To suggest a functional relationship of loci associated with IgG glycosylation, we performed pairwise association analyses of glycome-wide effects of lead SNPs. Glycome-wide effect of the SNP was defined as the vector of z scores [z score = β/se(β)] of this SNP on each of glycans.

Before analysis, we removed 15 derived traits (IGP41 to IGP54) that represent directly measured glycans (IGP1 to IGP15) that were normalized with the surface area of neutrally charged glycans (see the Supplementary Note for details).

We then constructed glycome-wide effects for all 27 lead SNPs from the meta-analysis results for 62 glycans, resulting in 27 vectors of 62 z scores. For every pair of SNPs, we computed the Spearman’s correlation coefficient and corresponding P value between 27 glycome-wide effects.

The network of significant Spearman’s correlations [P value corrected for (27 × 26)/2 = 351 tests, P ≤ 1.4 × 10−4] was visualized using Cytoscape (44), where each node represents one lead SNP annotated with the gene prioritized in the region of that SNP and width and color intensity of edges present squared Spearman’s correlation coefficient of the two nodes. We next performed clustering analysis of the full correlation matrix by applying hierarchical clustering with Euclidean distance and complete linkage. To validate the network, we performed permutation analysis and compared the network with STRING PPI networks (16).

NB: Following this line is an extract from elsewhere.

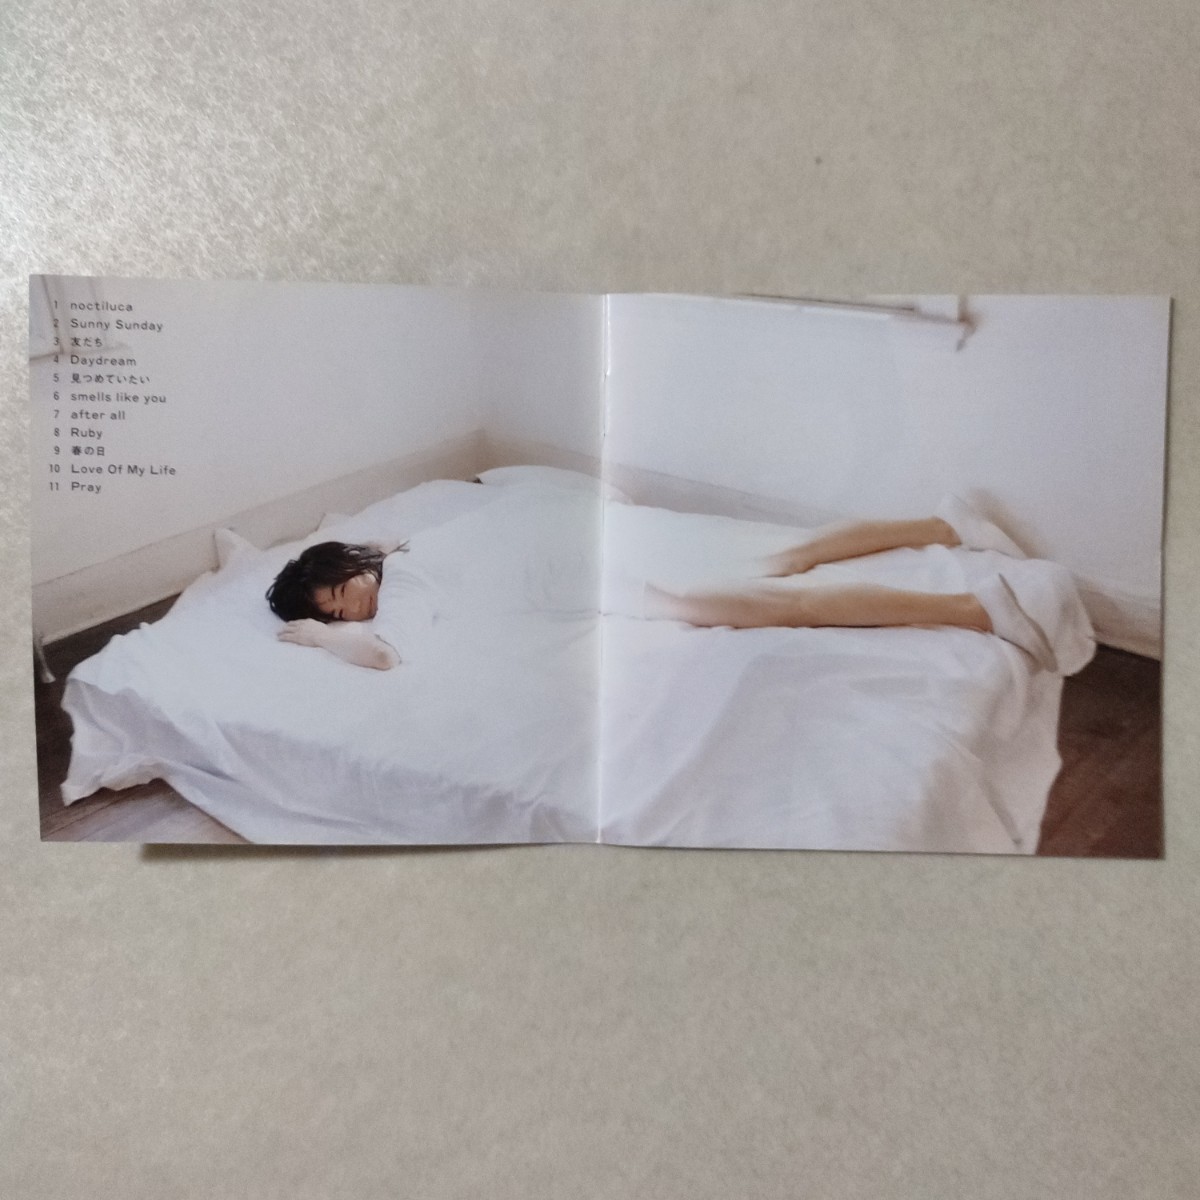 CD 「Love Of Life-Miki Imai」今井美樹
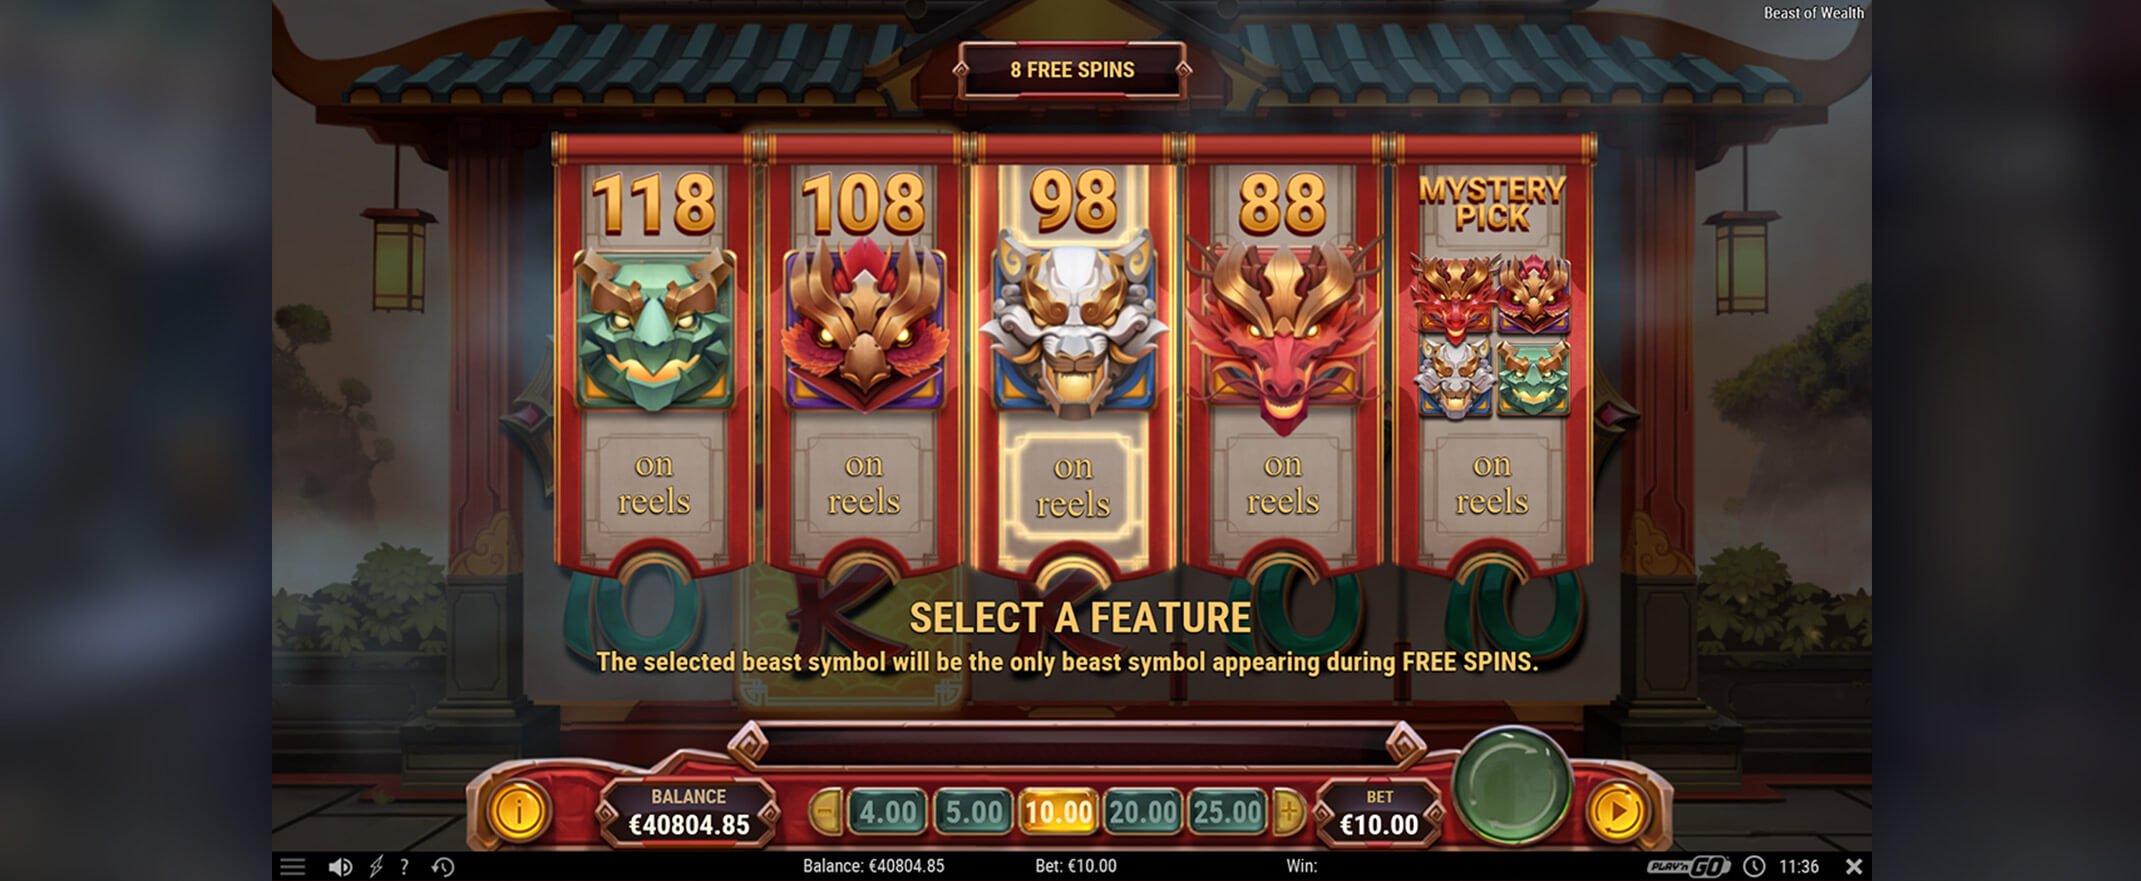 Beast of Wealth slot screenshot

The permutation analysis was performed by estimating the correlation of glycome-wide effects of every top SNP and glycome-wide effects of 100,000 random SNPs. To ensure that no glycosylation-associated SNPs were included in the permutation analysis, the following procedure was used. From the list of all HapMap release 22 SNPs (2,574,585 SNPs), all variants from the associated loci were removed, resulting in 2,510,568 remaining SNPs. An additional 6641 SNPs were removed because they had PGWAS ≤ 5 × 10−5 in at least one glycosylation GWAS. The final list contained 2,503,927 SNPs. From this list, 100,000 SNPs were randomly selected for the permutation analysis. A Spearman’s correlation between glycome-wide effects of each of the 27 top SNPs with glycome-wide effects of 100,000 random SNPs was computed. These correlations were then compared with correlations used to construct the network.

Additional validation was performed by comparing the network obtained by submitting IgG N-glycosylation candidate genes to the STRING database of PPIs (version 10.5, accessed in September 2017) (16).

ChIP-seq data (.narrowPeak files) for the TFs were downloaded from for the GM12878 LCL. The peak-motifs tool (18) in the Regulatory Sequence Analysis Tools was used for motif discovery in the peak sequences of the ChIP-seq datasets. To assess whether glycosylation-associated SNPs disrupt or introduce TF-binding sites, we first filtered out all SNPs with no predicted effect on TF binding, with TF weight score P values higher than 1.8 × 10−8 (0.05/2,764,712, Bonferroni corrected for the number of tests performed). We then further filtered out the SNPs whose alternate alleles had similar TF-binding scores and focused on SNPs for which one allele results in loss of TF-binding site. To compare frequencies of TF-binding site disruptions of glycosylation SNPs and other SNPs in the region, we performed the same analysis using all significantly and suggestively associated glycosylation SNPs (associated SNPs) and all SNPs within 50 kb of every glycosylation locus whose association P value was ≤5 × 10−4 (nonassociated SNPs) and compared frequency of SNPs that are predicted to significantly (Bonferroni-corrected P ≤ 1.8 × 10−8) disrupt binding for the given TF.

Hi-C data derived from GM12878, digested with Mbo I, were interrogated using the online tool available at (45). More details can be found in the Supplementary Note.